How many times in a day, the hands of a clock are together?
2026
How many times in a day, the hands of a clock are together?
- A.
20
- B.
22
- C.
24
- D.
26
Attempted by 7 students.
Show answer & explanation
Correct answer: B
Concept
The minute hand moves at 6 degrees per minute and the hour hand at 0.5 degrees per minute, so the minute hand gains on the hour hand at a relative rate of 5.5 degrees per minute. The hands coincide again only once the minute hand has gained a full 360 degrees on the hour hand, which takes 360 / 5.5 = 65 5/11 minutes.
Applying it here
Starting from 12:00, the next coincidence is about 65 5/11 minutes later, near 1:05, then near 2:11, 3:16, 4:22, 5:27, 6:33, 7:38, 8:44, 9:49, and 10:55.
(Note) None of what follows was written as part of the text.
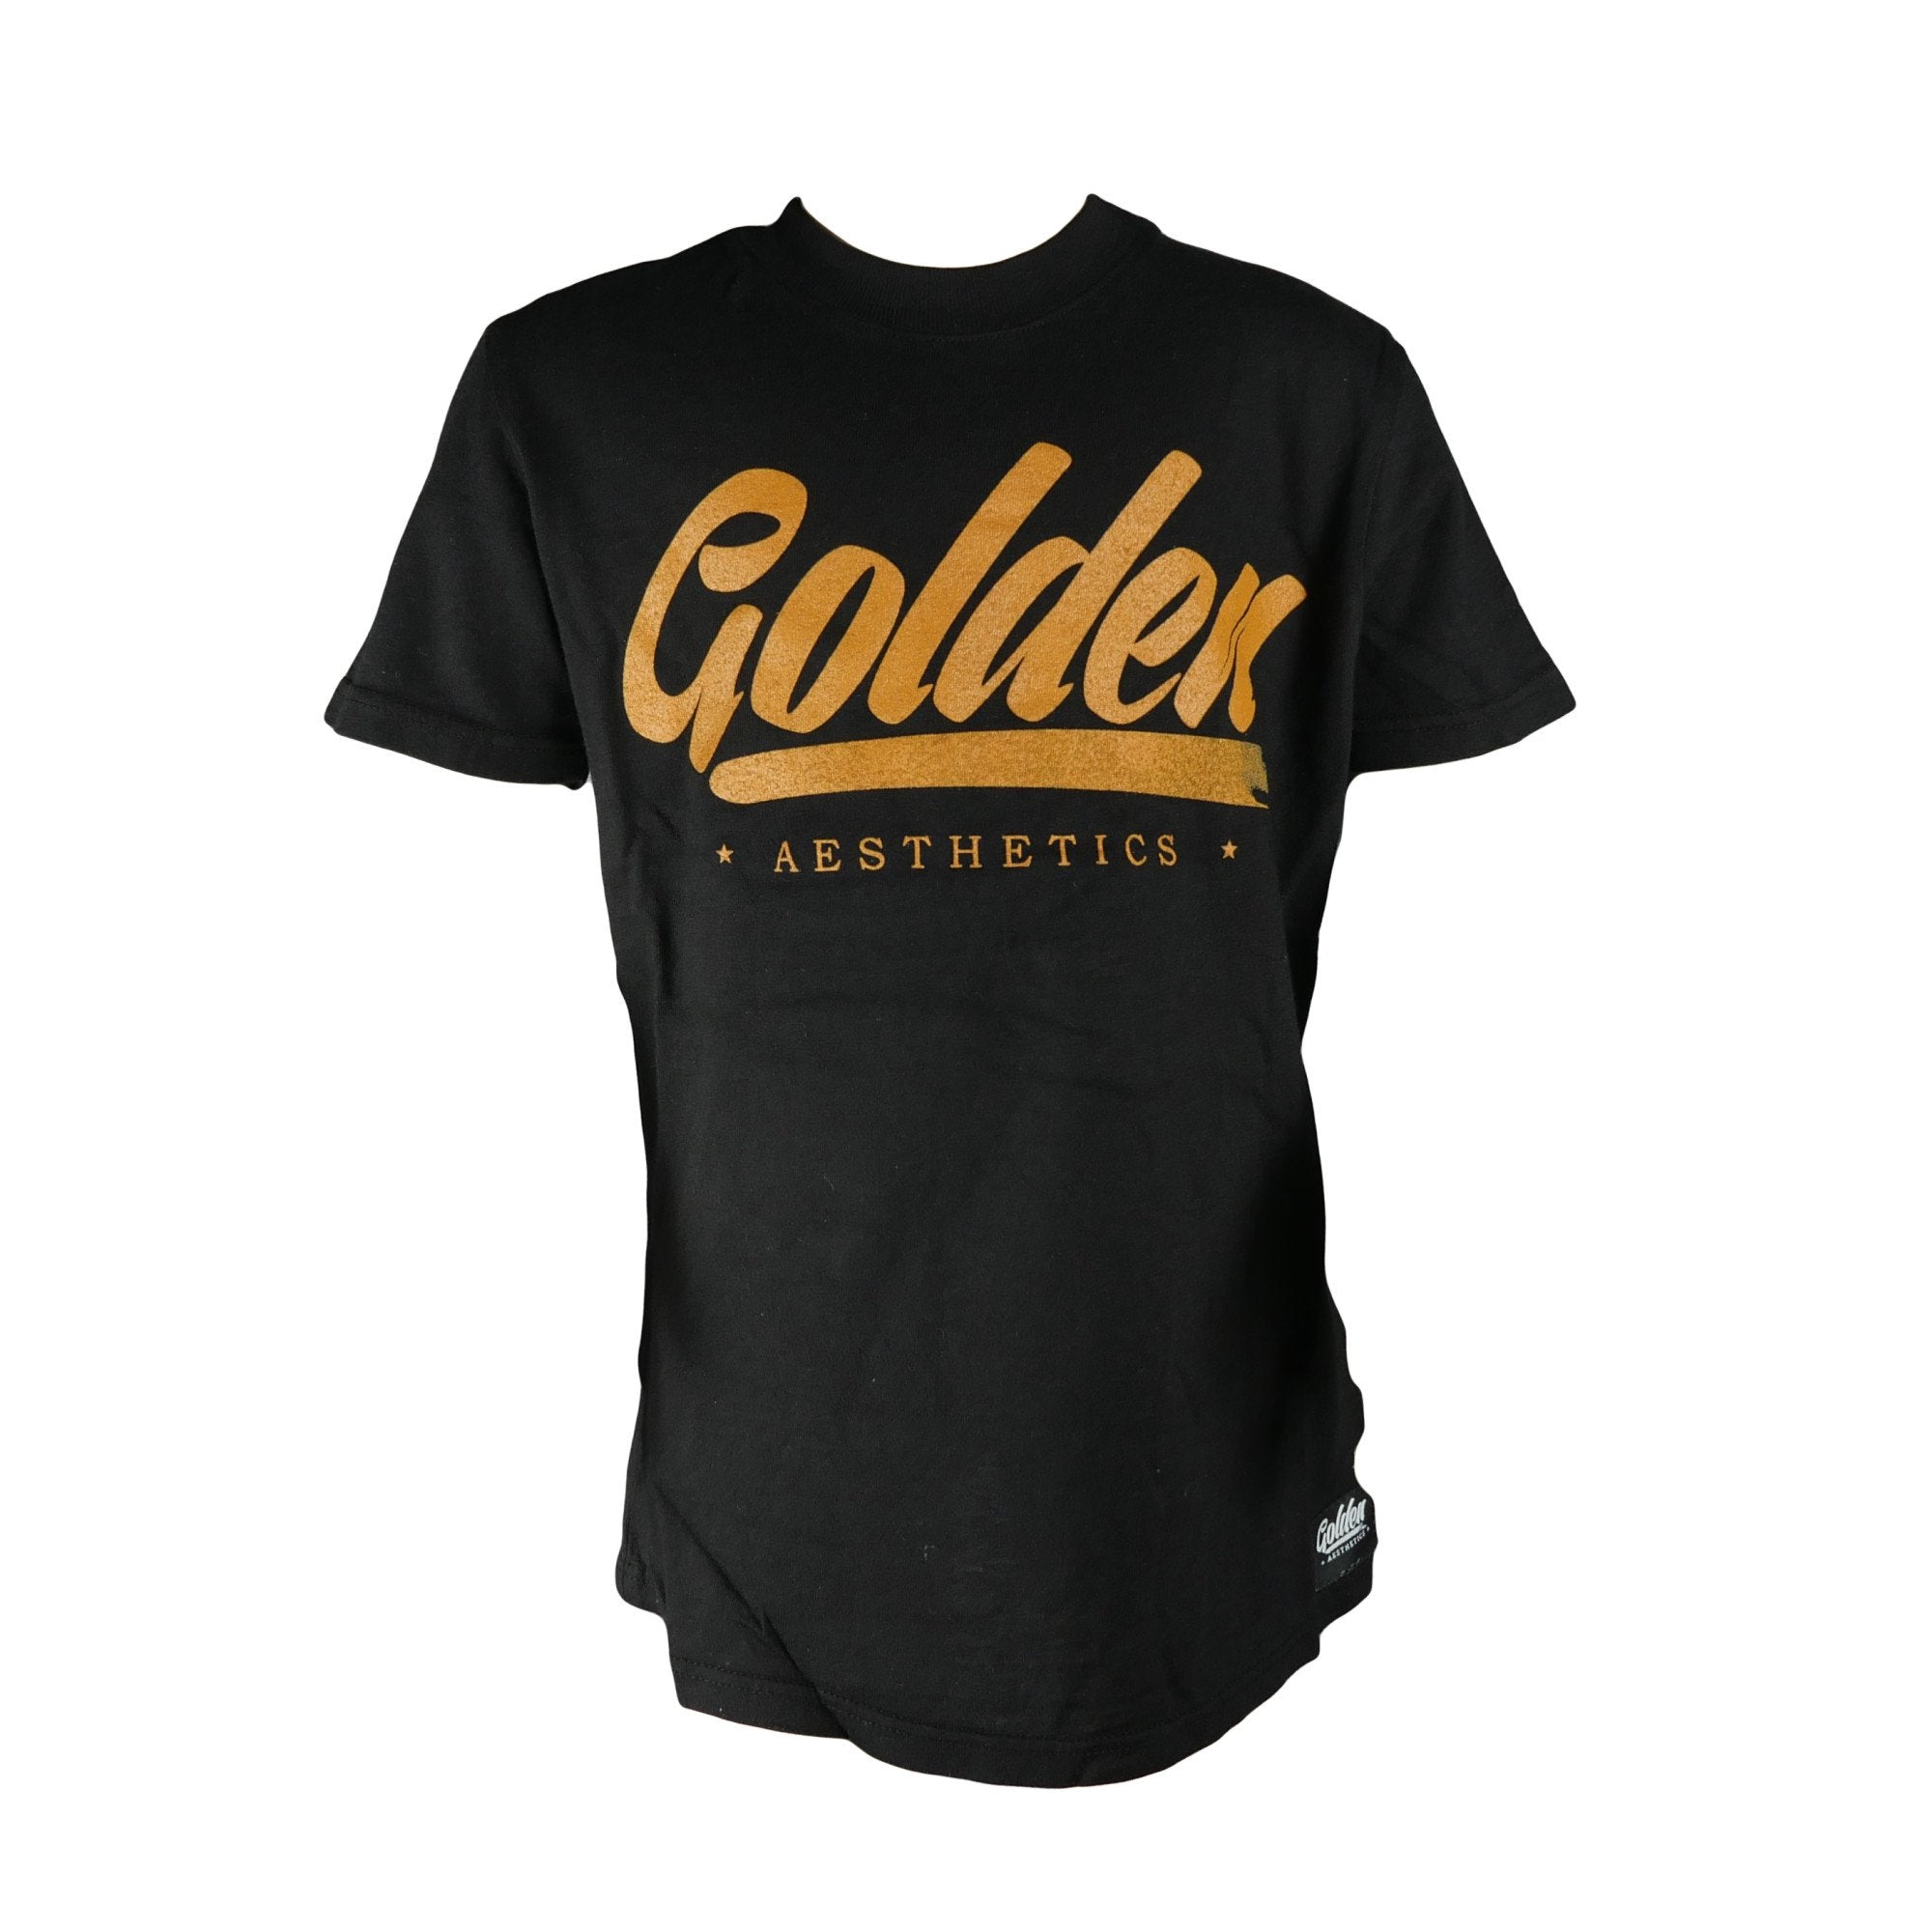 Kid's Collection T-Shirt - Charcoal Black - Golden Aesthetics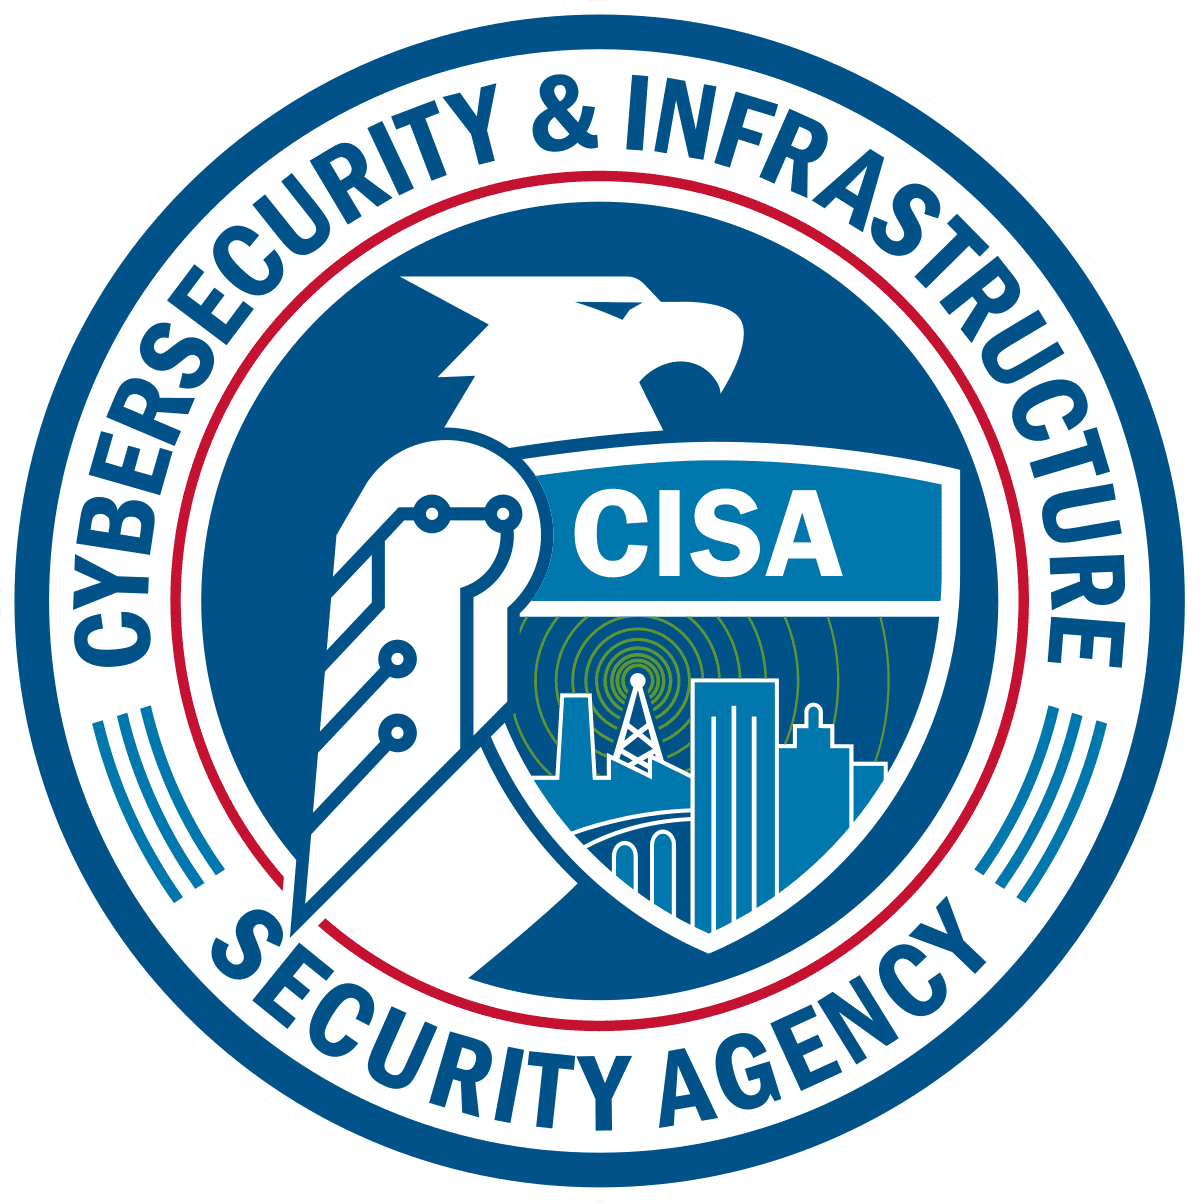 CyberSecurity & Infrastructure

The coincidence that would next be due lands exactly at 12:00 again, the start of the next 12-hour stretch, so it is not a separate, extra alignment within the same stretch.
That gives 11 distinct alignments in every 12-hour stretch, from one 12:00 to the next.
A day has two such 12-hour stretches (AM and PM), so the total for 24 hours is 11 × 2 = 22.
Cross-check
Using the general rule directly: in 24 hours (1440 minutes) the hands coincide 1440 / (720/11) = 22 times, since a coincidence recurs every 720/11 minutes. This matches the count obtained by listing the alignments one by one above.